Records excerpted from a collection
════════════════════

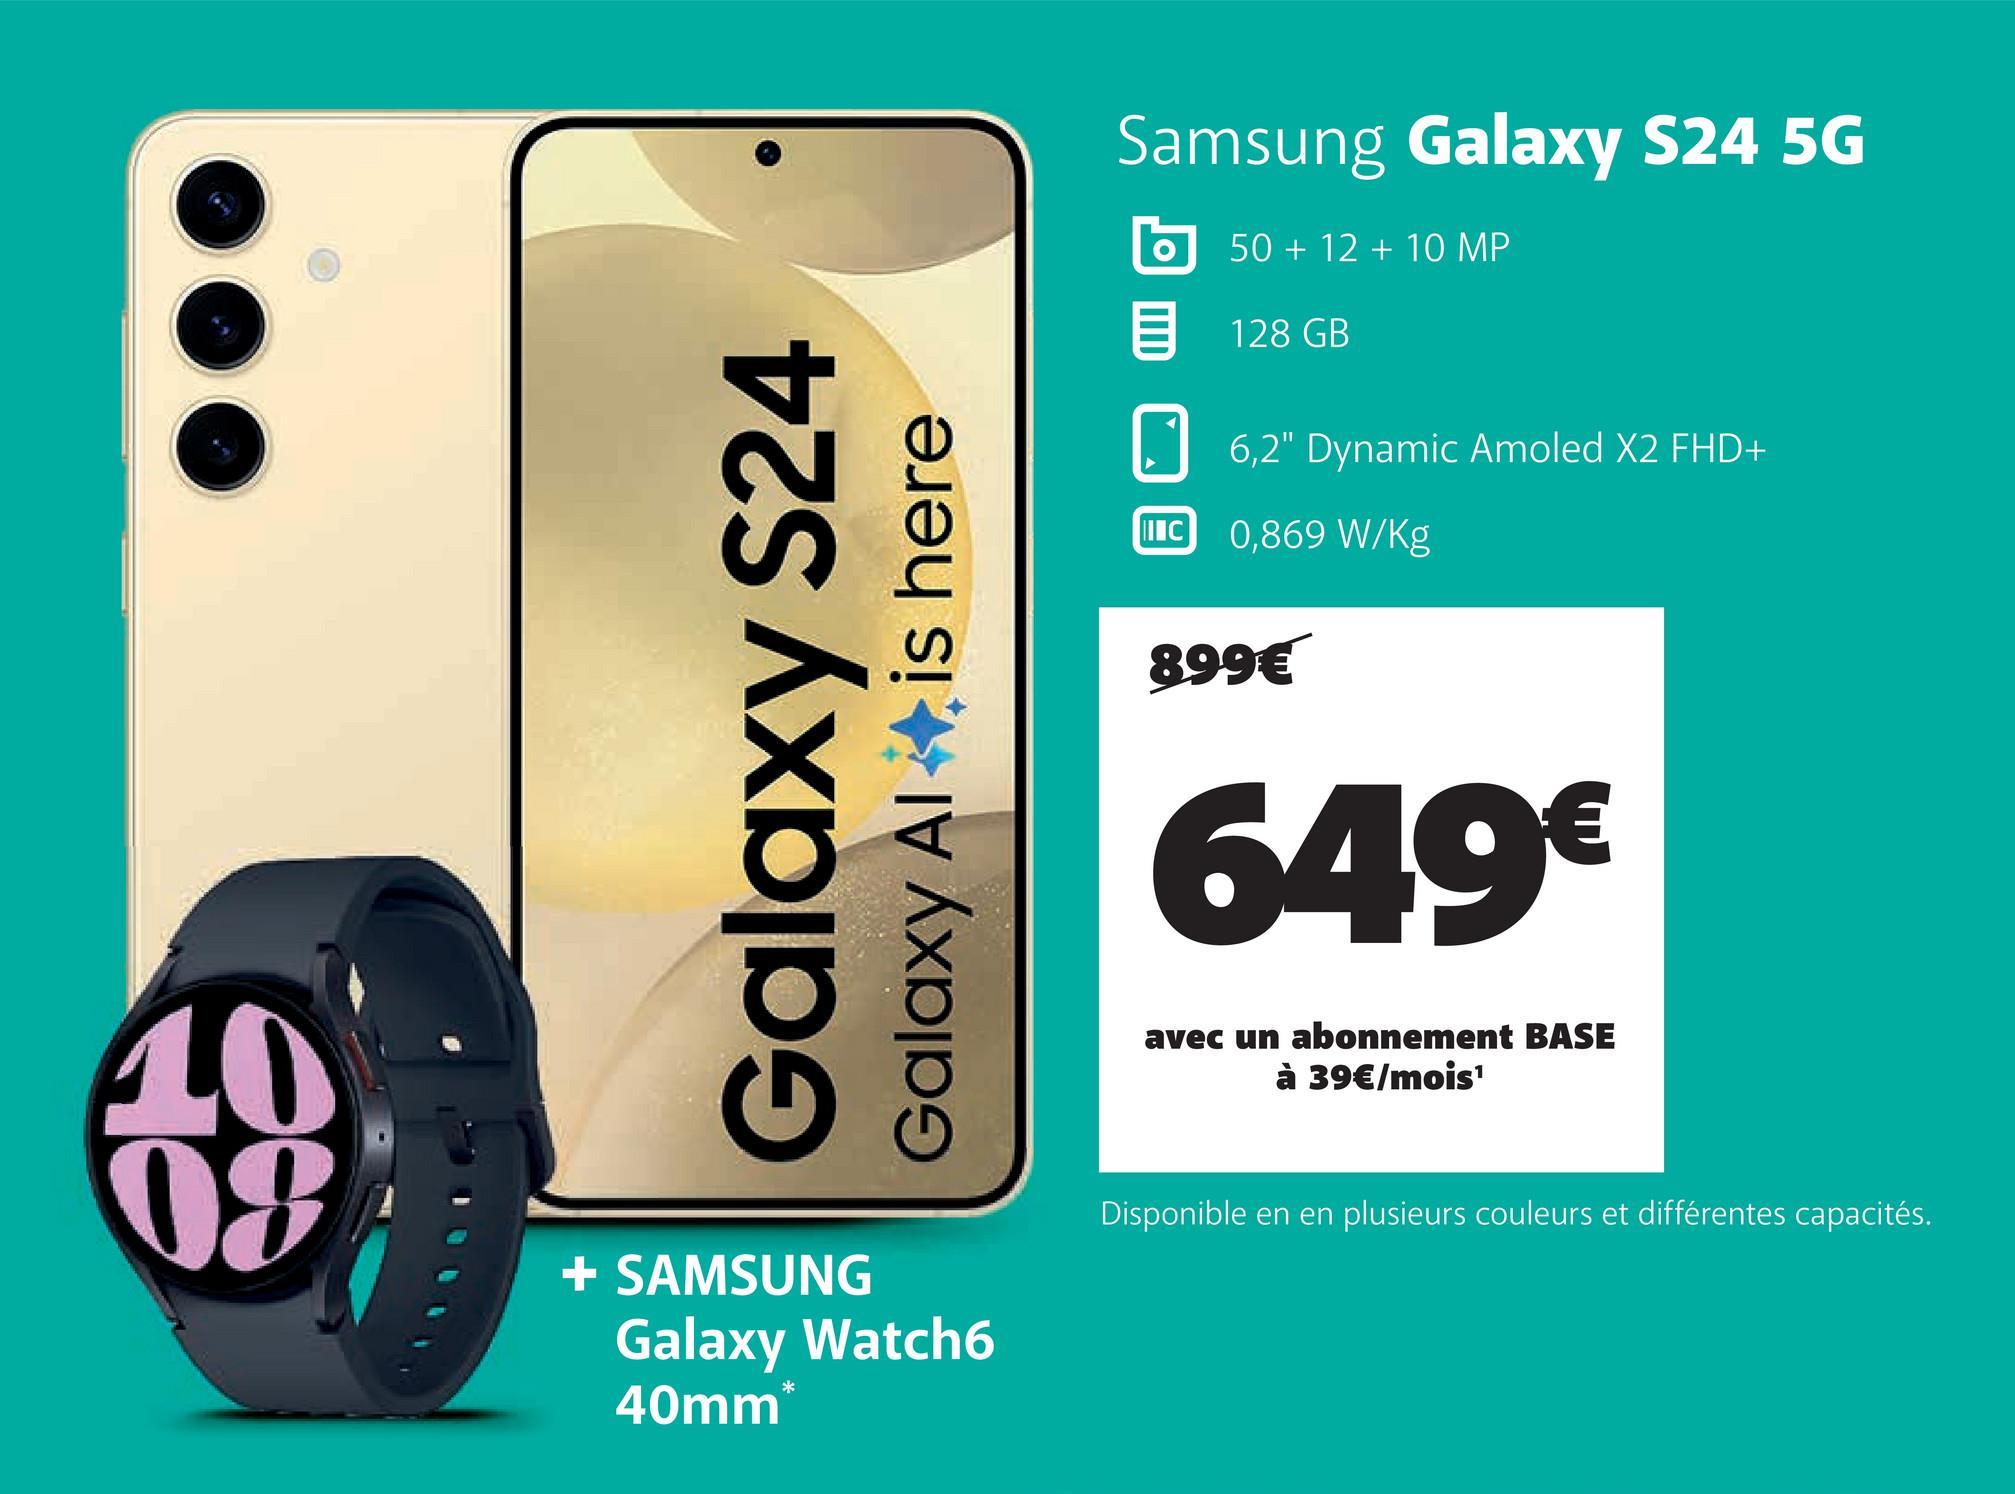 Galaxy S24
Galaxy Al
is here
Samsung Galaxy S24 5G
II C
50+12+10 MP
128 GB
6,2" Dynamic Amoled X2 FHD+
0,869 W/Kg
899€
649€
avec un abonnement BASE
à 39€/mois¹
10
08
+ SAMSUNG
Galaxy Watch6
40mm*
Disponible en en plusieurs couleurs et différentes capacités.
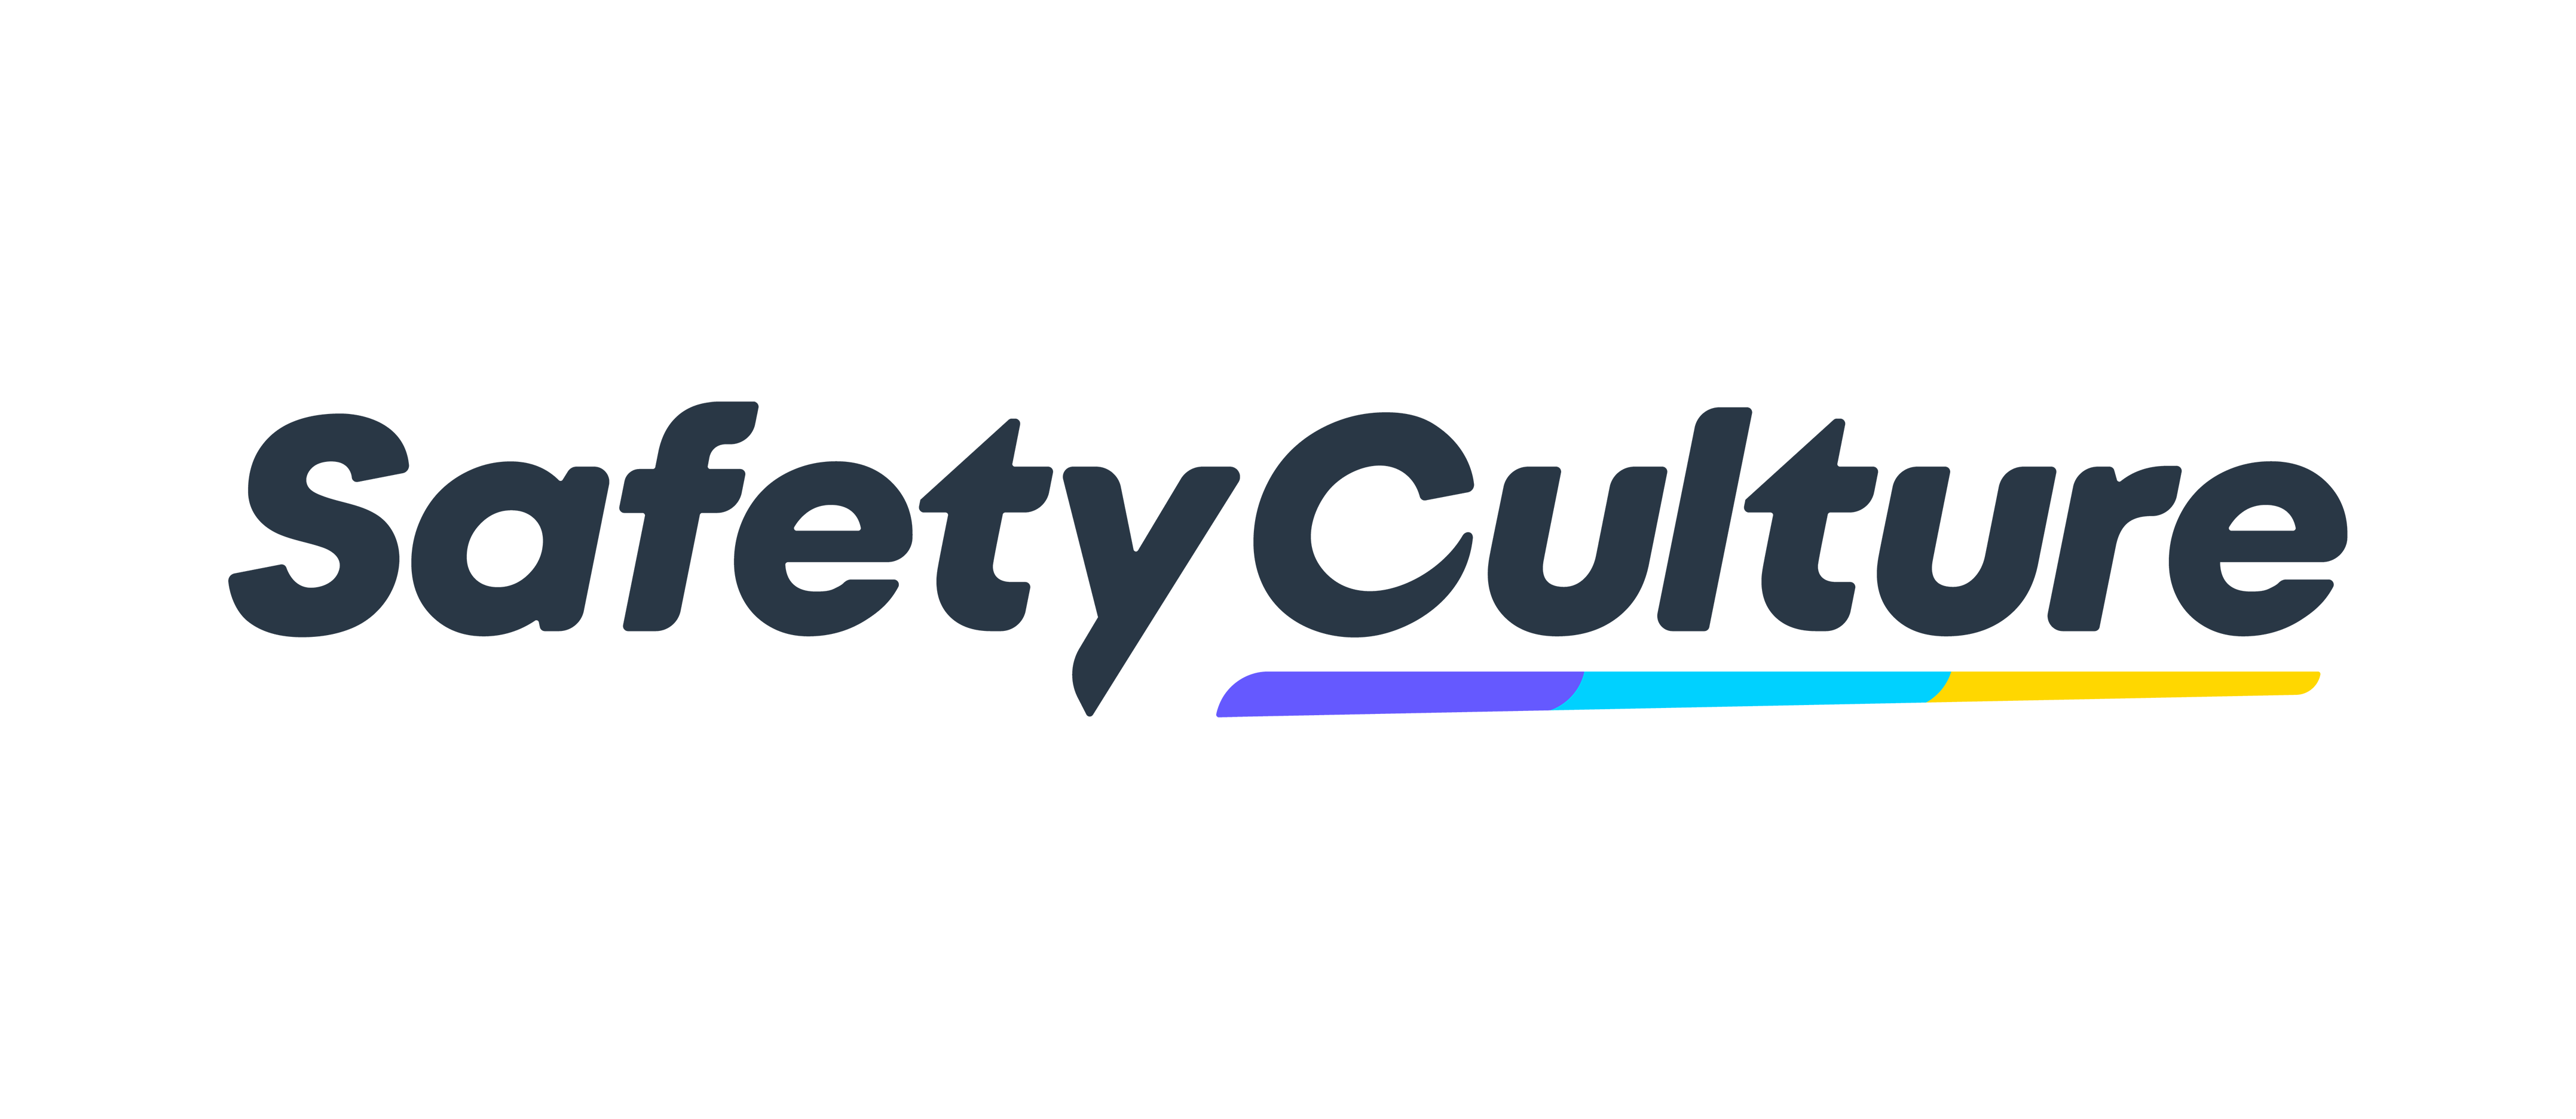 SafetyCulture (UK) Ltd

════════════════════

- _Brief_
Leaving the pictures out, give back each line above exactly.

- _Task output_
 Galaxy S24
Galaxy Al
is here
Samsung Galaxy S24 5G
II C
50+12+10 MP
128 GB
6,2" Dynamic Amoled X2 FHD+
0,869 W/Kg
899€
649€
avec un abonnement BASE
à 39€/mois¹
10
08
+ SAMSUNG
Galaxy Watch6
40mm*
Disponible en en plusieurs couleurs et différentes capacités.
 SafetyCulture (UK) Ltd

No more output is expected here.